Ha trascorso diversi anni sui libri, prima si è laureato in lingue moderne all’università di Lund e poi teologia e filosofia a Bruges e a Roma, dove ha conseguito una laurea in spiritualità al Teresianum. Dopo il cardinalato è stato chiamato in curia come consultore in diversi dicasteri primari: clero, vescovi, chiese orientali, promozione dell’unità cristiana. Siede anche nel Consiglio per l’economia. Nel 2022 gli è stata conferita una medaglia dal re di Svezia per i contributi alla vita della Chiesa. È autore di diversi libri sulla spiritualità. Gli amici lo descrivono con un carattere riflessivo e accomodante sebbene sui principi sia granitico. Ha suscitato enormi consensi quando si è opposto pubblicamente agli eccessi delle riforme sinodali volute dalla potente Chiesa tedesca. Arborelius difende il celibato sacerdotale ma si oppone alle donne prete. Inoltre si è fatto notare anche quando ha recentemente pubblicato un corposo documento sull’etica sessuale e il genere. Praticamente una road map per limitare gli eccessi ideologici del movimento arcobaleno «quando veicola – si legge – un’immagine della persona umana che dissolve l’integrità corporea dell’individuo, come se il sesso biologico fosse qualcosa di puramente casuale.

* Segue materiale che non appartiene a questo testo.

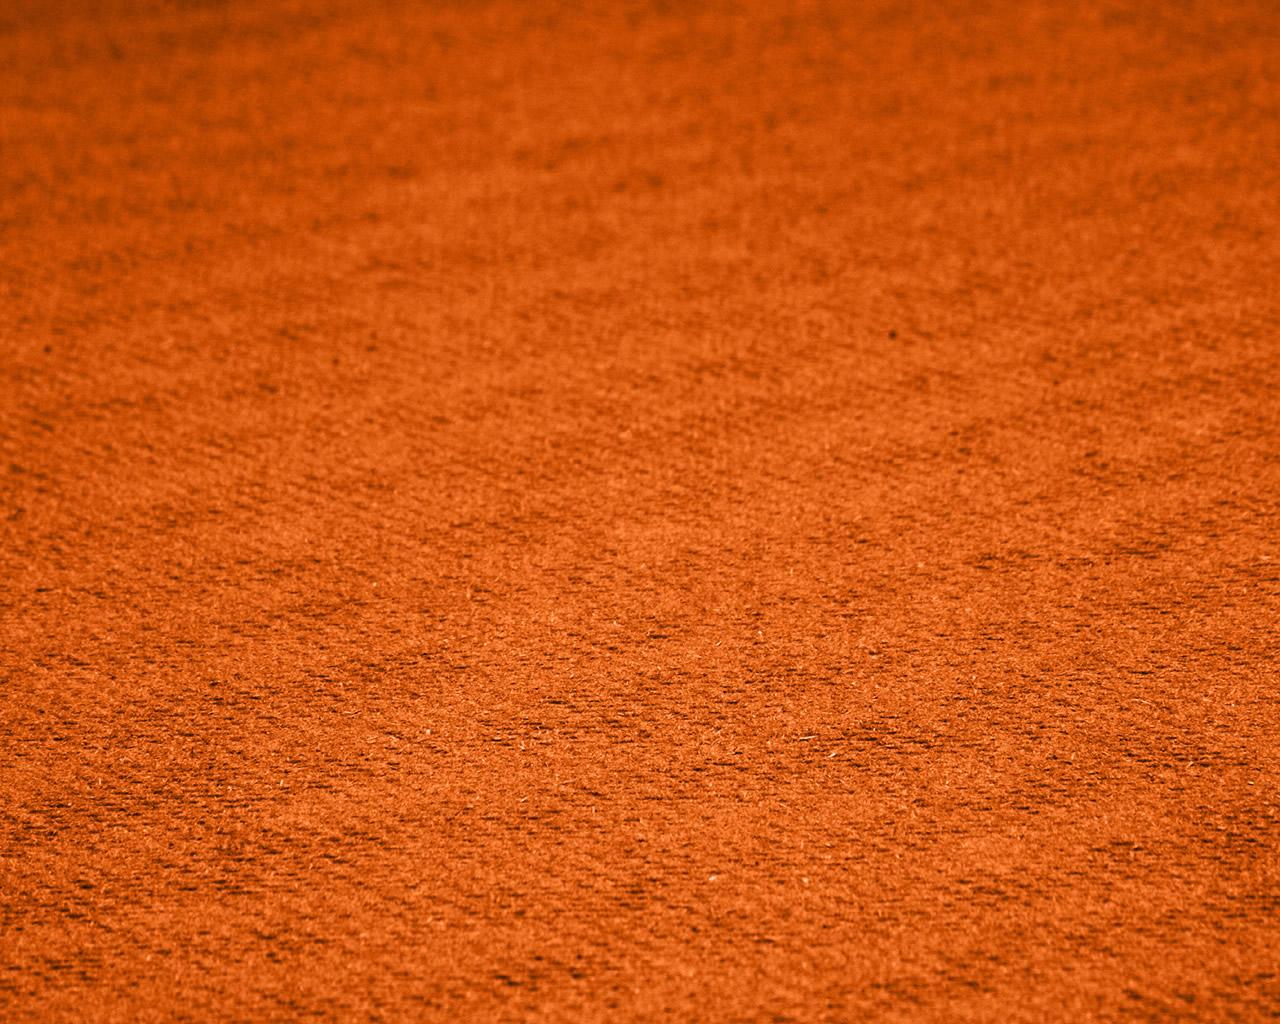 fabric desktop wallpaper - photo #17

Per questo contestiamo che tali opinioni vengano imposte ai bambini come non fossero ipotesi audaci, ma fatti accertati; quando viene imposto ai minori il peso opprimente di dover determinare la propria identità senza che siano attrezzati per farlo». Una chiara (e pesante) critica anche alle politiche decise da Bruxelles. Cosa che ha sollevato l’immediato plauso di gran parte del Collegio Cardinalizio.

Il motto episcopale di Arborelius è: In Laudem Gloriae (A lode della gloria). «La trovo un’espressione di tutto ciò che sono. Penso che il primo dovere e il nostro privilegio sia di onorare e glorificare Dio, ed è una cosa che è stata un po’ dimenticata. L’uomo non viene mai ridotto da questo aspetto, ma al contrario, cresce, diventa più libero e più felice. Uno dei miei più grandi desideri è aiutare le persone a scoprirlo».